At the Annual Meeting, our shareholders approved the election of six director nominees to hold
office until their successors are duly elected and qualified. The voting results relating to the
director elections are set forth in the tables below.
Votes Against/ | ||||||||
Directors | Votes For | Withheld | ||||||
Raúl Alarcón, Jr. |
245,051,339 | 8,919,648 | ||||||
Joseph A. Garcia |
243,148,525 | 10,822,462 | ||||||
Jose A. Villamil |
246,533,359 | 7,437,628 | ||||||
Mitchell A. Yelen |
248,438,479 | 5,532,508 | ||||||
Jason L. Shrinsky |
245,056,332 | 8,914,655 | ||||||
Manuel E. Machado |
234,132,000 | 19,838,987 |
There were no broker non-votes.
Item 8. Other Events
As previously disclosed in our Current Report on Form 8-K filed on August 31, 2010, on
August 27, 2009, we received a letter from The NASDAQ Stock Market, Inc. (NASDAQ) notifying us
that we were not in compliance with the audit committee requirements as set forth in NASDAQ Listing
Rule 5605(c)(2) (the Rule). NASDAQs letter advised us that, consistent with NASDAQ Listing
Rules 5605(b)(1)(A) and 5605(c)(4), NASDAQ will provide us a cure period to regain compliance until
the earlier of our next annual shareholders meeting or August 11, 2010. Our annual meeting took
place on June 3, 2010.
As described above, our Board has elected Mr. Machado as a director effective June 3, 2010. We
notified NASDAQ on June 4, 2010 that our Board has determined that Mr. Machado is qualified for
service on the Audit Committee of our Board under the Rule, and that our Board has appointed him to
serve on the Audit Committee.
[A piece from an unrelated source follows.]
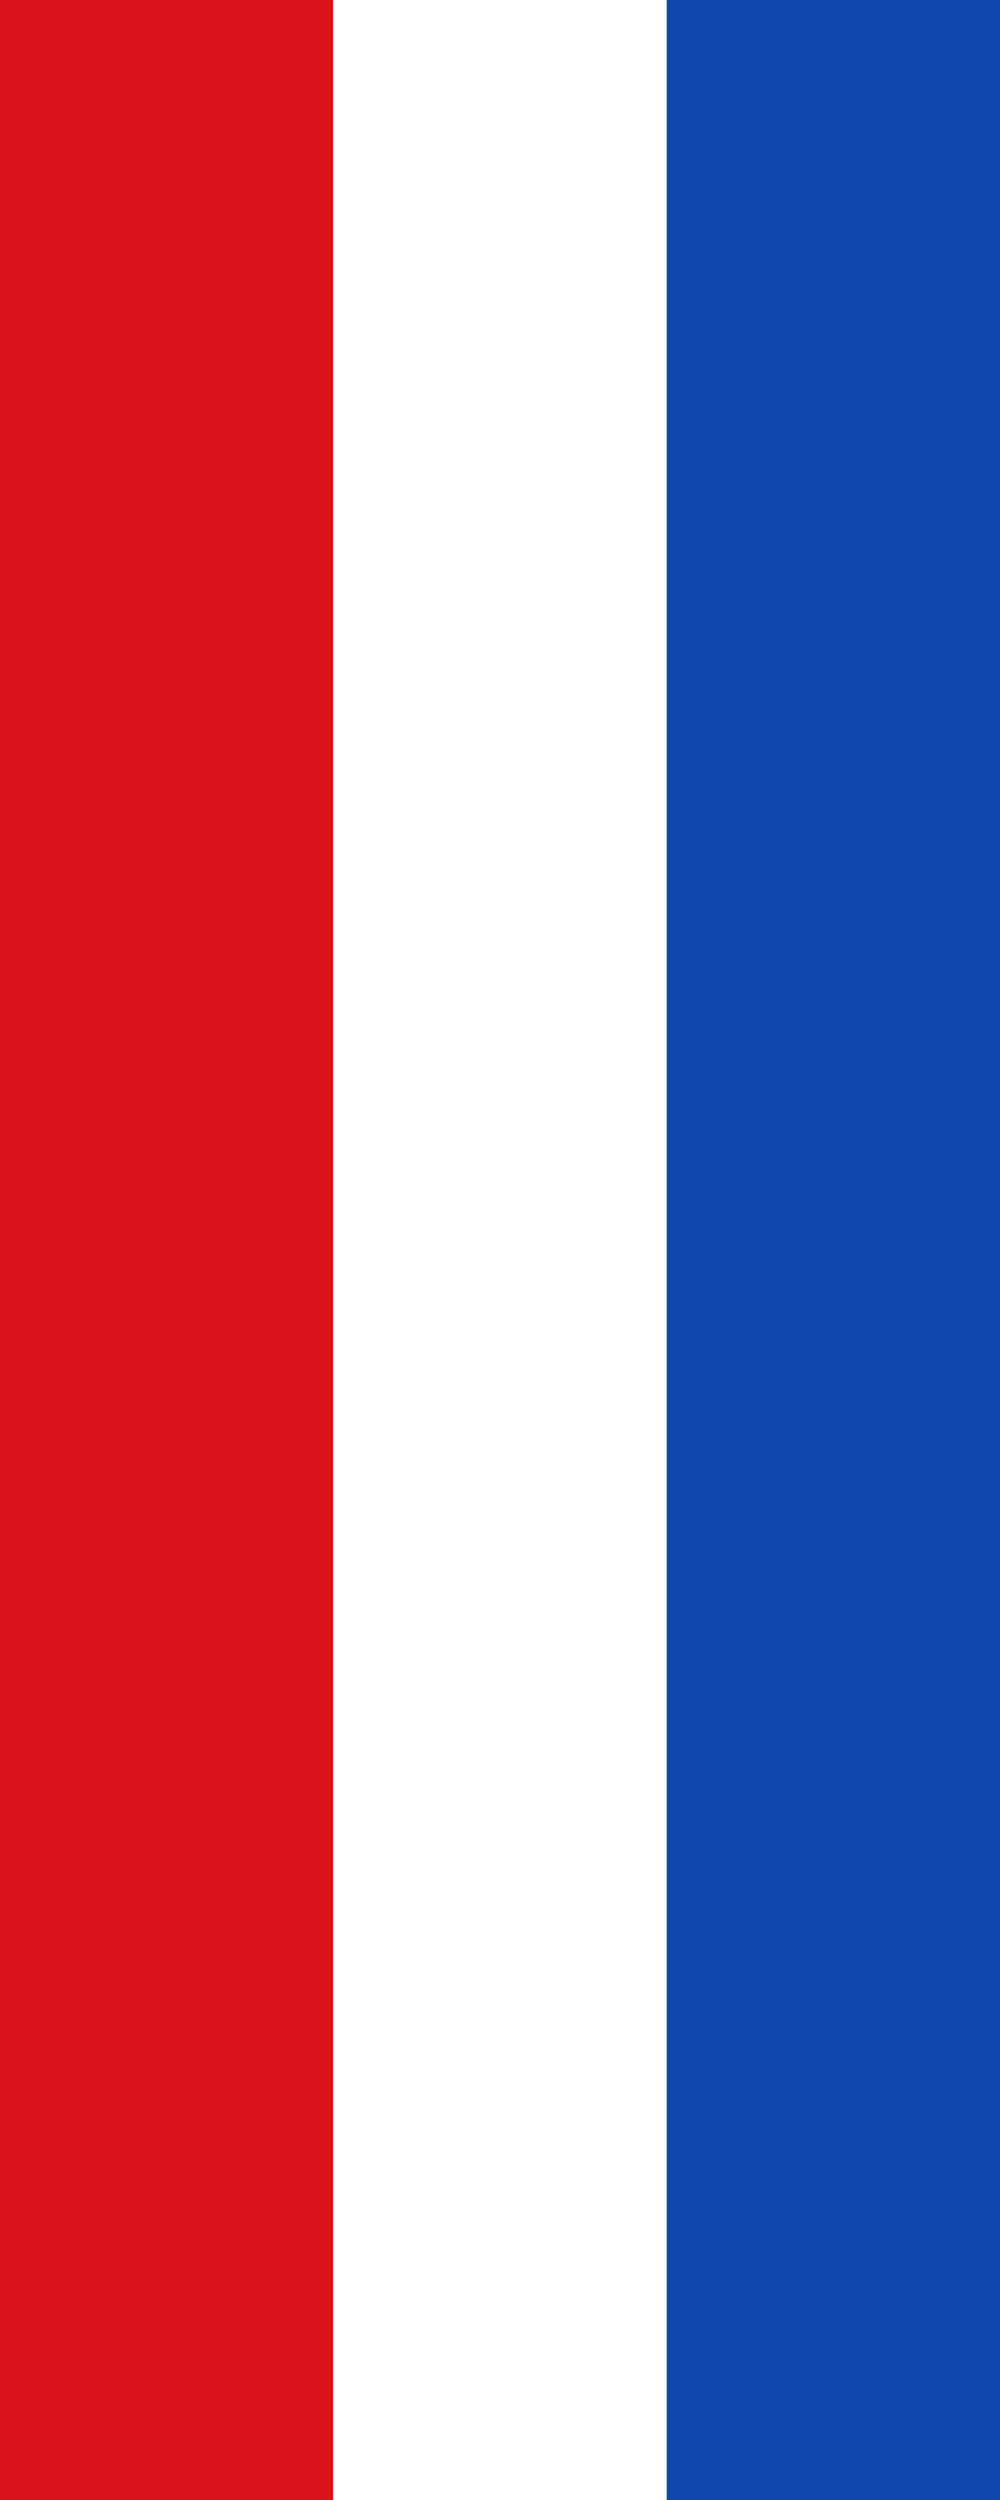 Red White and Blue Flag Logo - File:Flag red white blue 2x5.svg - Wikimedia Commons

As a result, on June 7, 2010, we received a letter from NASDAQ
stating that we have regained compliance with the Rule (the Compliance Letter), which requires
each listed company to maintain an audit committee composed of at least three members who meet
certain eligibility criteria. The Compliance Letter is attached
hereto as Exhibit 99.1.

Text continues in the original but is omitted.